By "the computer", I mean "whatever computer happens to have gotten a copy of the certificate". If one computer can pass the checks and extract the password, another one can just as easily ignore the checks and extract the password anyway.

[theweaselking.livejournal.com]

It took me until this point to realise we've been talking right past each other and you're discussing the possibility of cert revocation mattering to stop the use of a compromised cert, versus "certificate as passphrase"

[theweaselking.livejournal.com]

Why a certificate/keyfile is less desirable:
* Because needing a specific key that cannot be reproduced if lost is less good than needing a password that can be typed in again.
* Because there's no easy way that I know of to say "any key signed by this authority is good"

And fundamentally:
* the purpose of this is not to protect the data from a hacker compromising the normal machine, it's to protect the disk itself from being read while offsite, except in the case of someone who knows the passphrase using this disk in a disaster recovery situation. The "sensitive" data is stored unencrypted on the host machine, and is available to the host machine while running. We're just trying to stick a nice big roadblock in the face of someone who steals the offsite backup disk.

[kafziel.livejournal.com]

The only thing I can think of is automating the login process on this computer, but that's pretty insecure if anyone can get access to your startup scripts.

[sbisson.livejournal.com]

I'd suggest that the answer is going to be a self-encrypting drive.

[theweaselking.livejournal.com]

Problem: No New Hardware. But a good thought.

[nsanity-au.livejournal.com]

Sadly this is the only way I see actually achieving this goal without introducing other risks.

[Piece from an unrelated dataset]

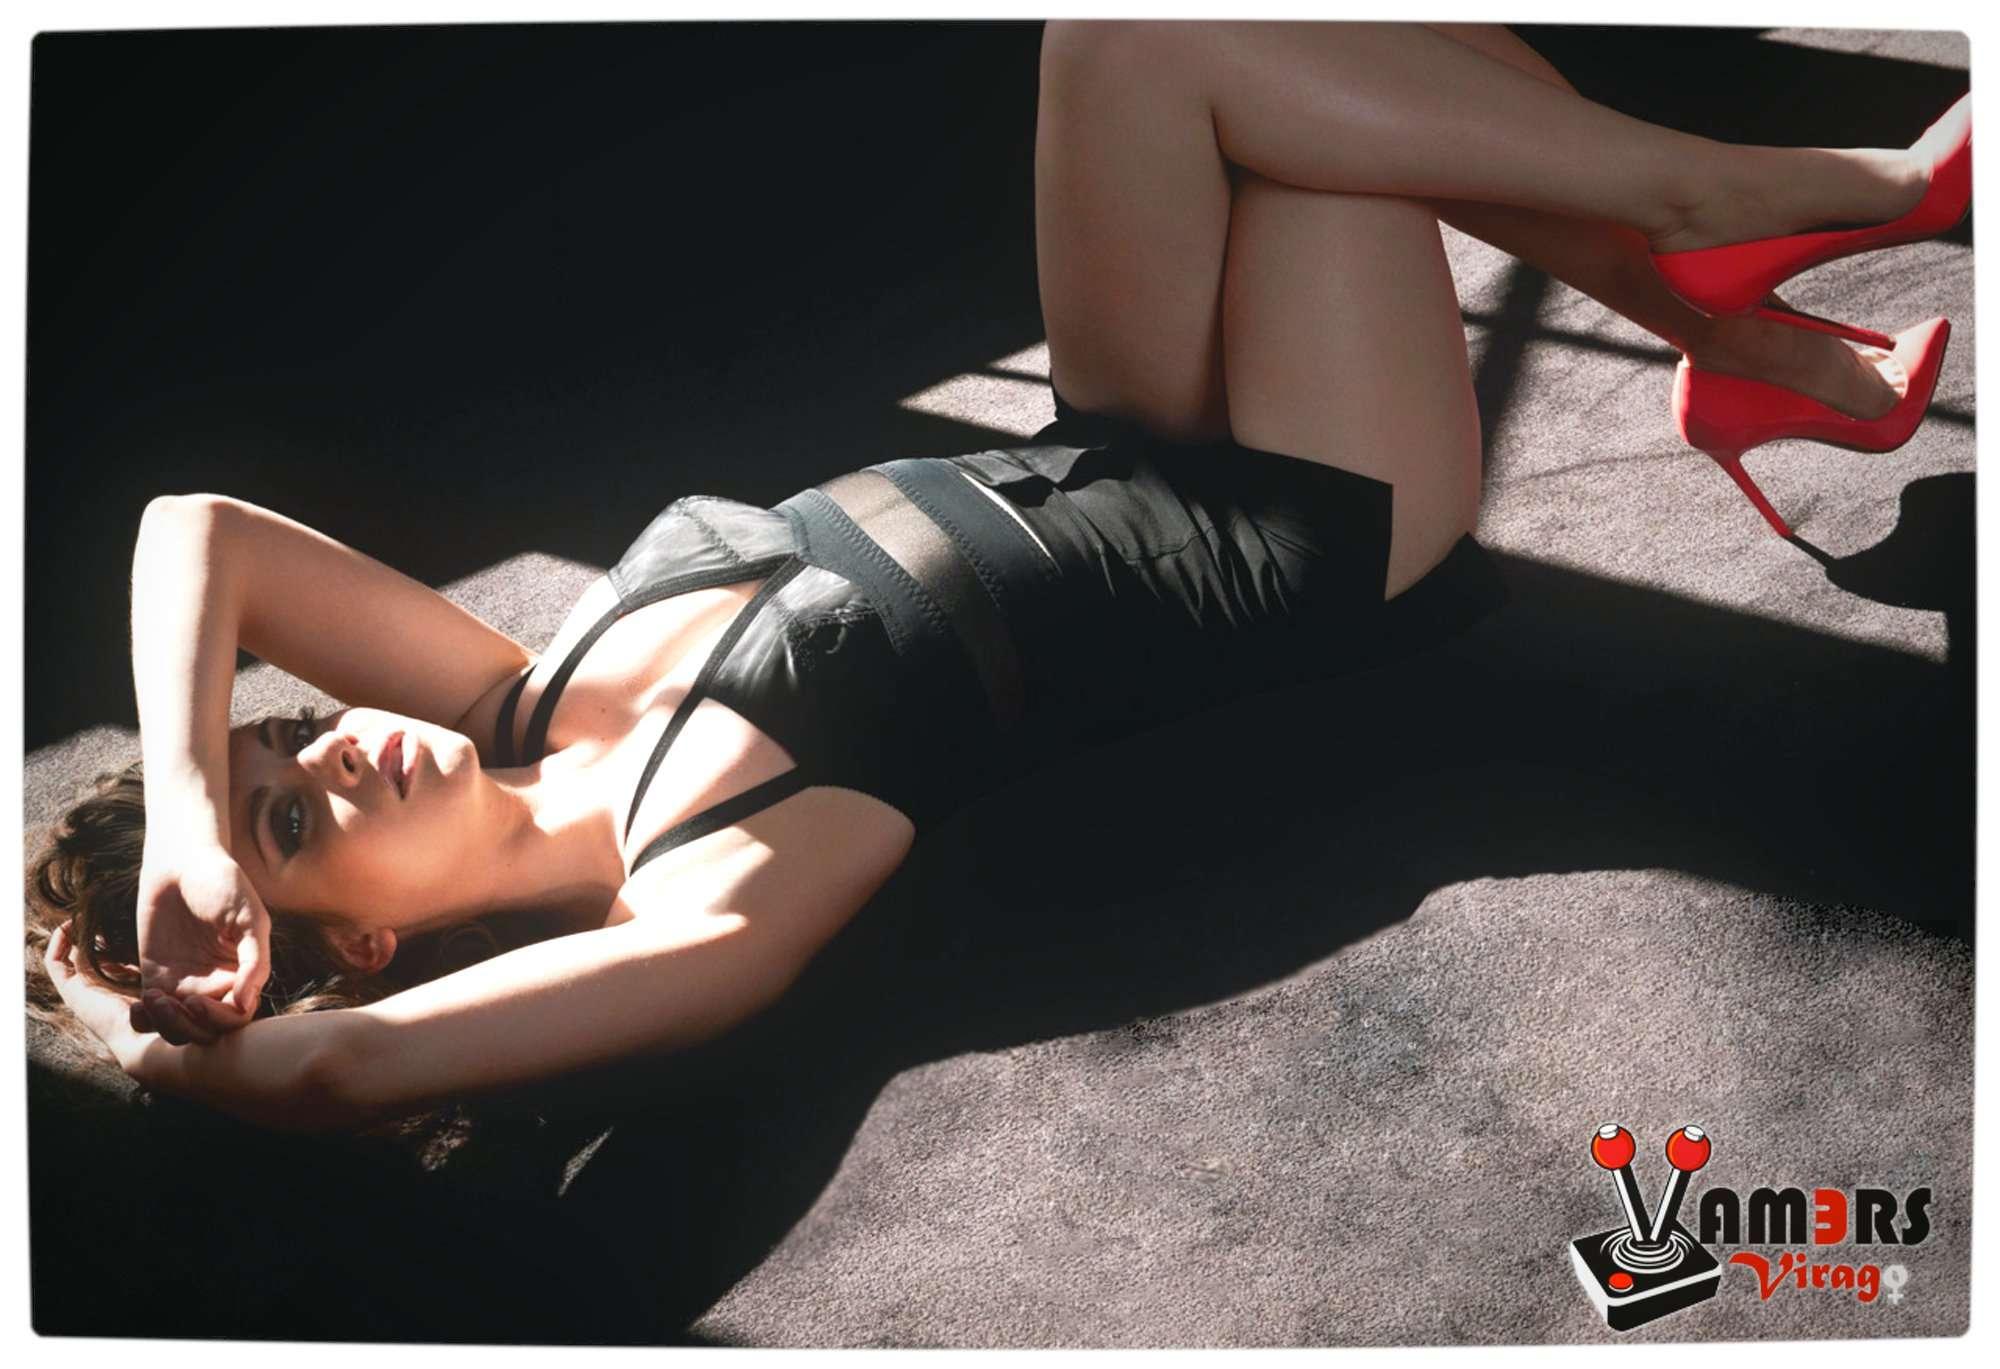 Vamers Virago - 2014 - February - Alison Brie 05
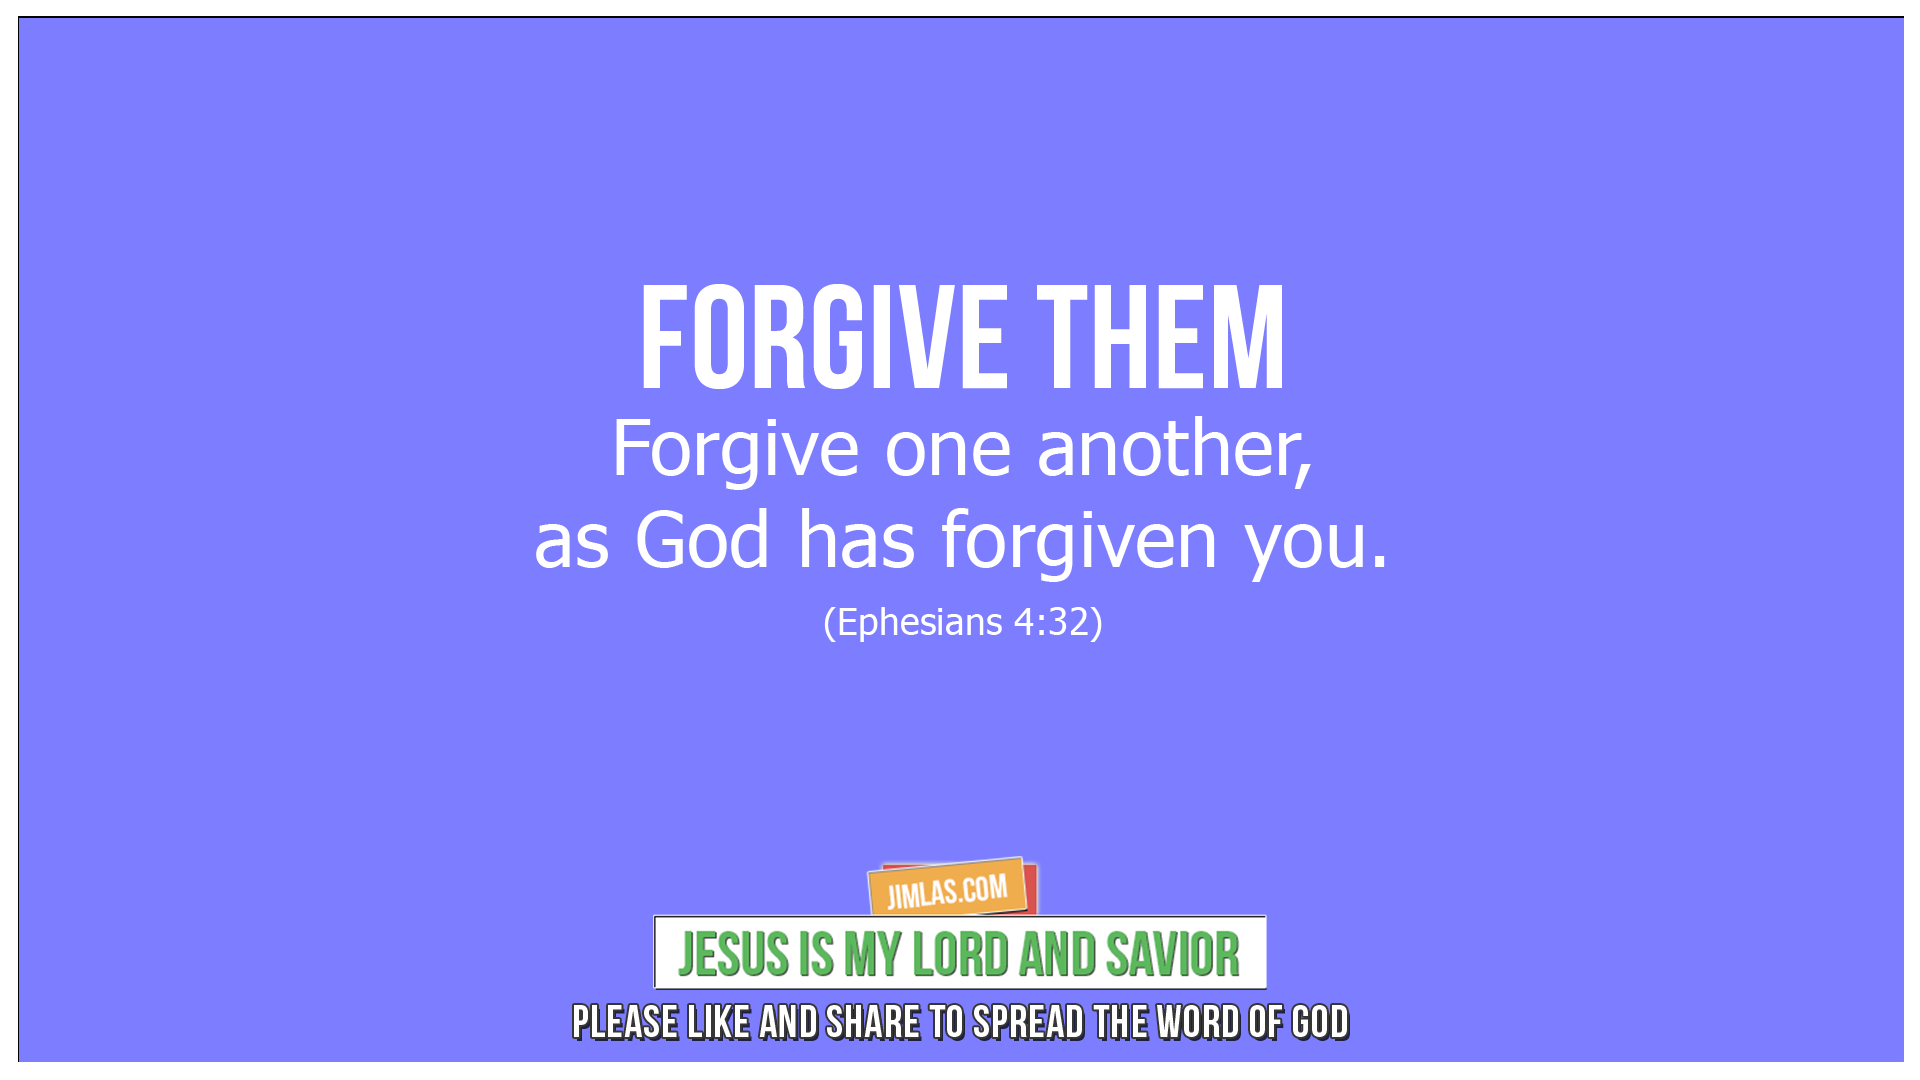 ephesians 4 32, Ephesians 4:32

What is your backup software of choice - given no new hardware costs, I assume this means alternate paid backup software is out too.

[jsbowden.livejournal.com]

I blame mhoye:

http://www.theverge.com/2013/3/4/4064574/nins-head-like-a-hole-mashed-with-call-me-maybe-is-perfect

[theweaselking.livejournal.com]

Doesn't play, even with scripting enabled. And I can't see a link to the player in the source.

Got a different link?

[theweaselking.livejournal.com]

Found it on Soundcloud. And, uh. Wow.